The ways to change the names of columns are:
1. Changing the Name of Column using a Method Columns
This is one of the methods used to change the names columns. This is in-built method used in Data Frames.
Syntax:
DataFrame_name.columns [‘col1_name’, ‘col2_name’,…………………]
Example:
Let us apply this method to the previous data set created.
print(df)
df.columns =['Sportsmen' , 'Matches_Played' , 'Runs_Scored' , 'Average' , 'Centuries' ]
print(df)
Output:
Players Matches Runs AVG 100s
0 Root 24 2595 60.25 11
1 Smith 11 779 45.82 1
2 Kohli 15 756 29.07 0
3 Kane 6 491 49.10 1
Sportsmen Matches_Played Runs_Scored Average Centuries
0 Root 24 2595 60.25 11
1 Smith 11 779 45.82 1
2 Kohli 15 756 29.07 0
3 Kane 6 491 49.10 1
Explanation:
The above output shows the change in the names of the columns.
Here,
Players -> Sportsmen
Matches -> Matches_Played
Runs -> Runs_Scored
AVG -> Average
100s -> Centuries
This is how this method is used to change the names of the columns
2. Rename Method
This is also in-built method present in a Data Frame. This method is also used to change the name columns present in the Data Frame
Syntax:
Data Frame name = Data Frame name .rename( columns = {‘old column name1’ : ‘new column name1}, ‘ old column name 2’ ,’ new columns name 2 } )
Example:
We are again using the same Data Frame created previously.
print(df)
df=df.rename( columns={'AVG': 'Average','100s':'Centuries'})
print(df)
Output:
Players Matches Runs AVG 100s
0 Root 24 2595 60.25 11
1 Smith 11 779 45.82 1
2 Kohli 15 756 29.07 0
3 Kane 6 491 49.10 1
Players Matches Runs Average Centuries
0 Root 24 2595 60.25 11
1 Smith 11 779 45.82 1
2 Kohli 15 756 29.07 0
3 Kane 6 491 49.10 1
This method is more convenient than previous method. This is because in the previous columns method we have to convert all the old column names to new column names.
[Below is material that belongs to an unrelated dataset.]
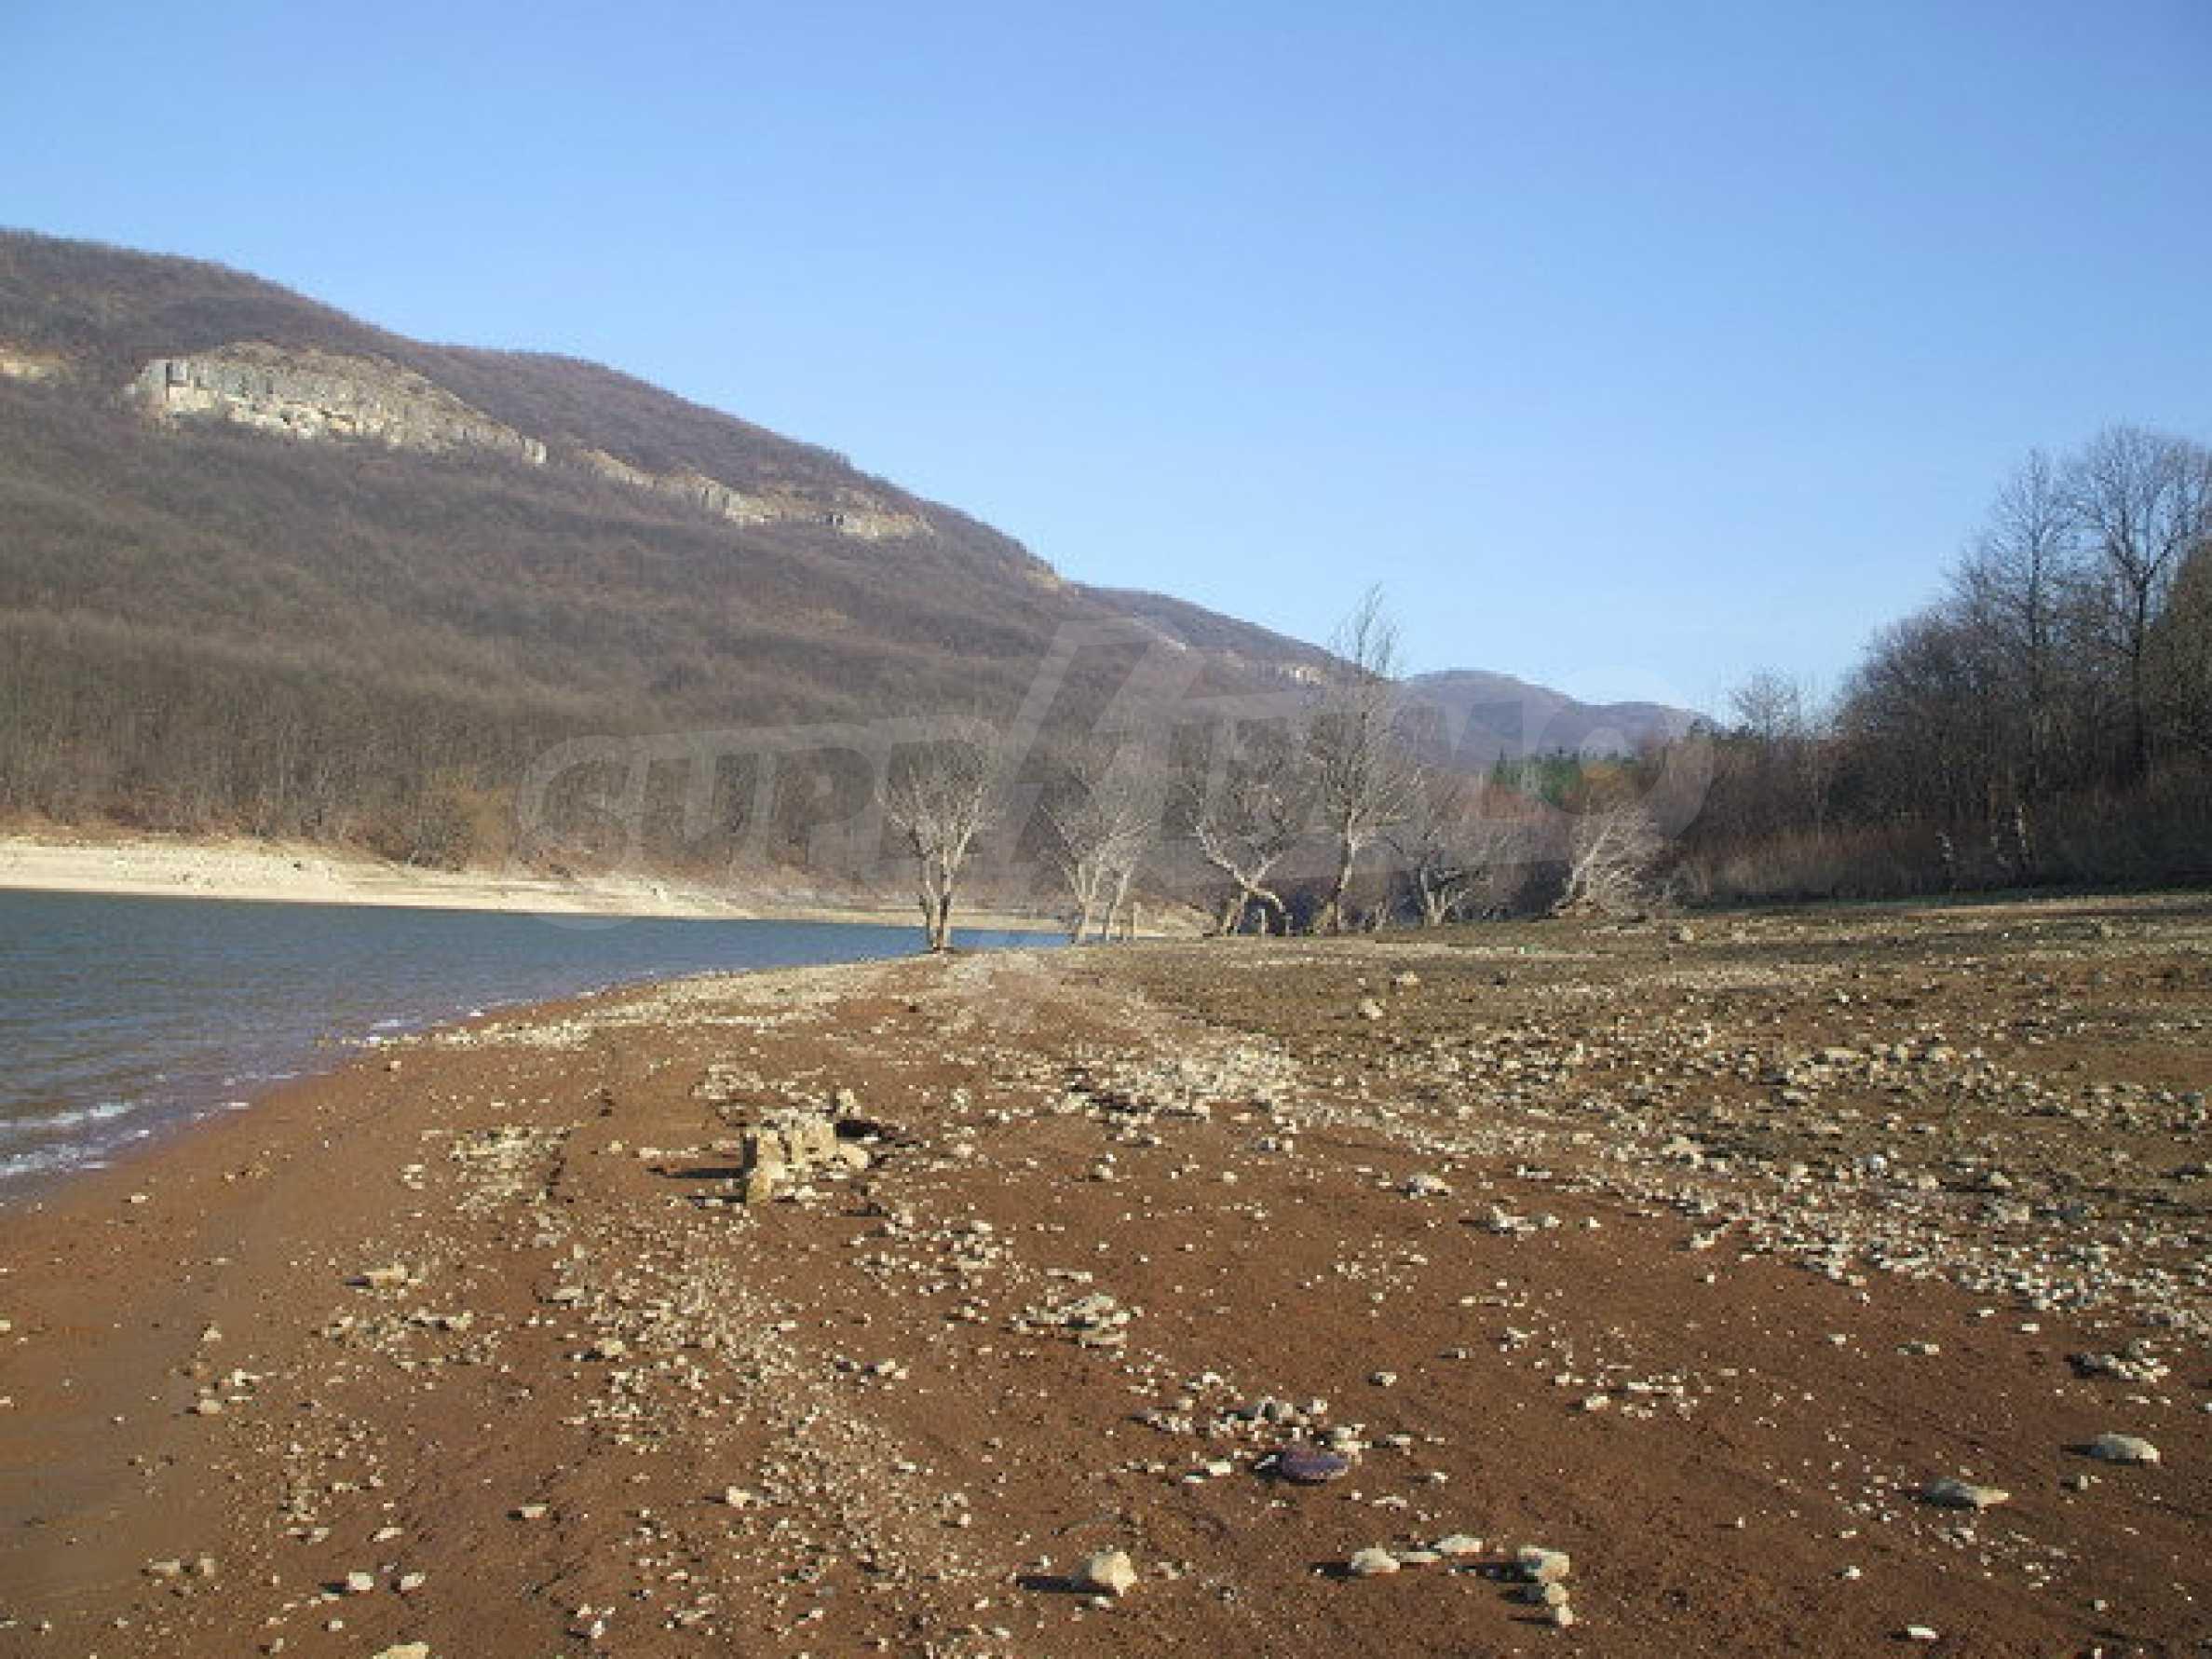 Land in regulation near Lake Alexander Stamboliyski 2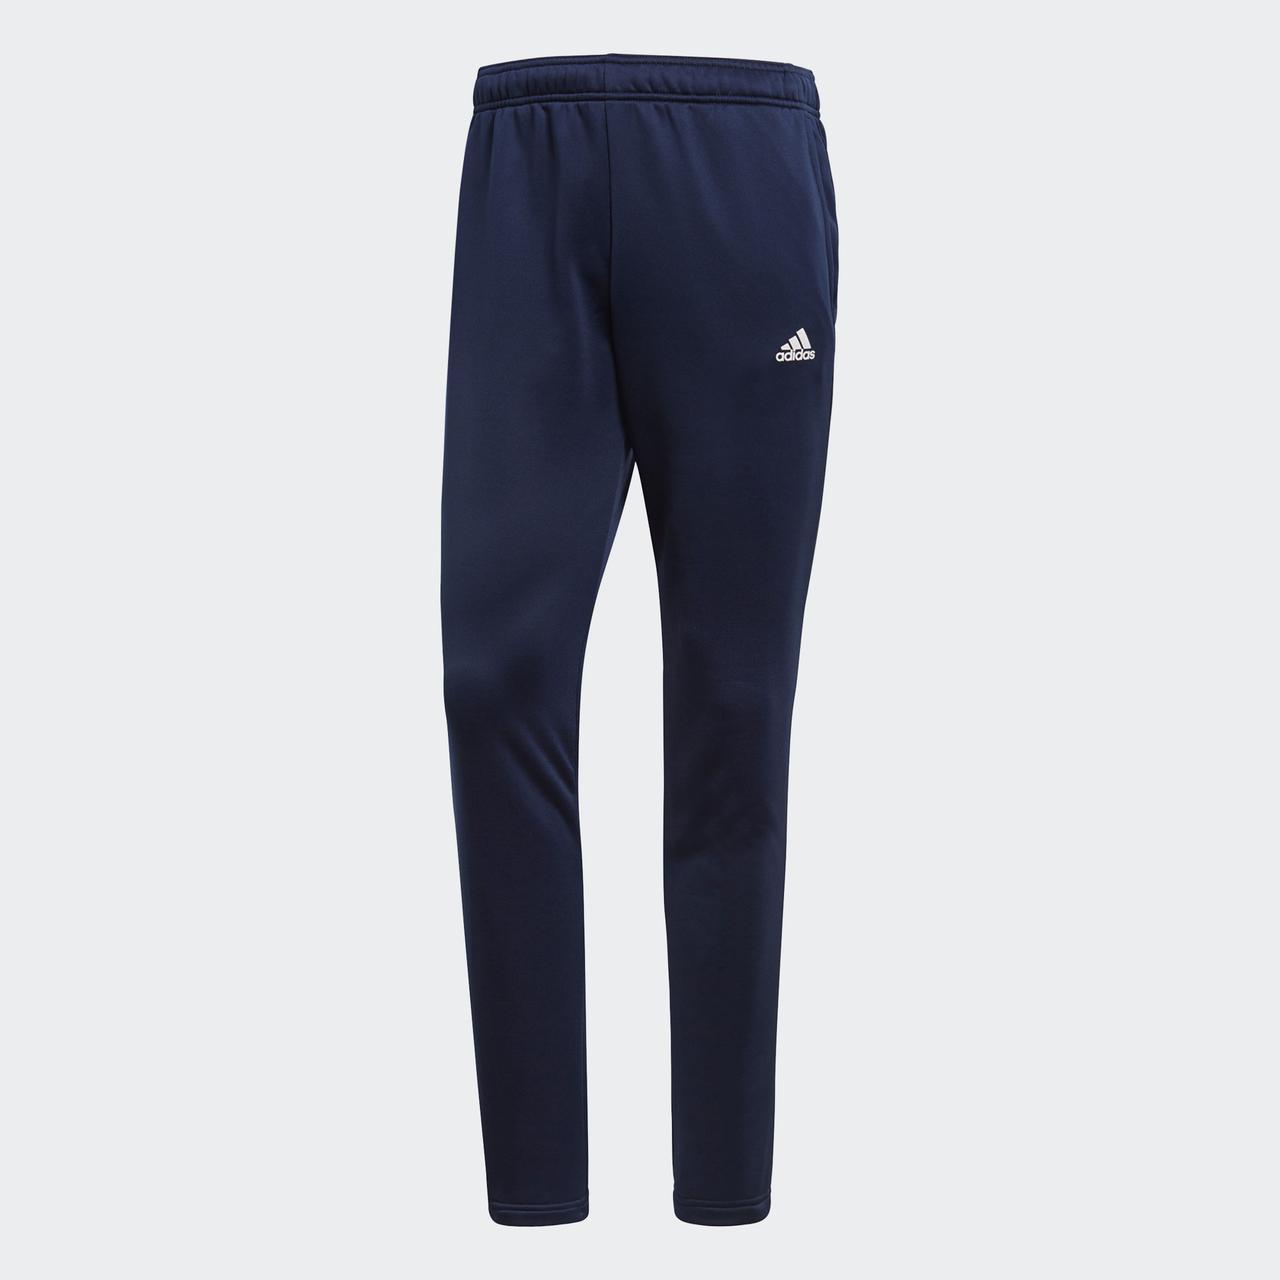 5c2ab21d ... Мужской спортивный костюм Adidas Performance Re-Focus (Артикул:  CF1618), ...

Whereas in this rename method we can convert only specified column names with mentioning them.
3. Using Indexing Method
Here in this method, we will directly approach the column and change its method with the help assignment operator.
Syntax:
Data Frame Name. column.values[index value] =’ new column name’
Example:
print(df)
df.columns.values[3] = 'Average'
print(df)
Output:
Players Matches Runs AVG 100s
0 Root 24 2595 60.25 11
1 Smith 11 779 45.82 1
2 Kohli 15 756 29.07 0
3 Kane 6 491 49.10 1
Players Matches Runs Average 100s
0 Root 24 2595 60.25 11
1 Smith 11 779 45.82 1
2 Kohli 15 756 29.07 0
3 Kane 6 491 49.10 1
These are the ways through which we can change the names of columns in python.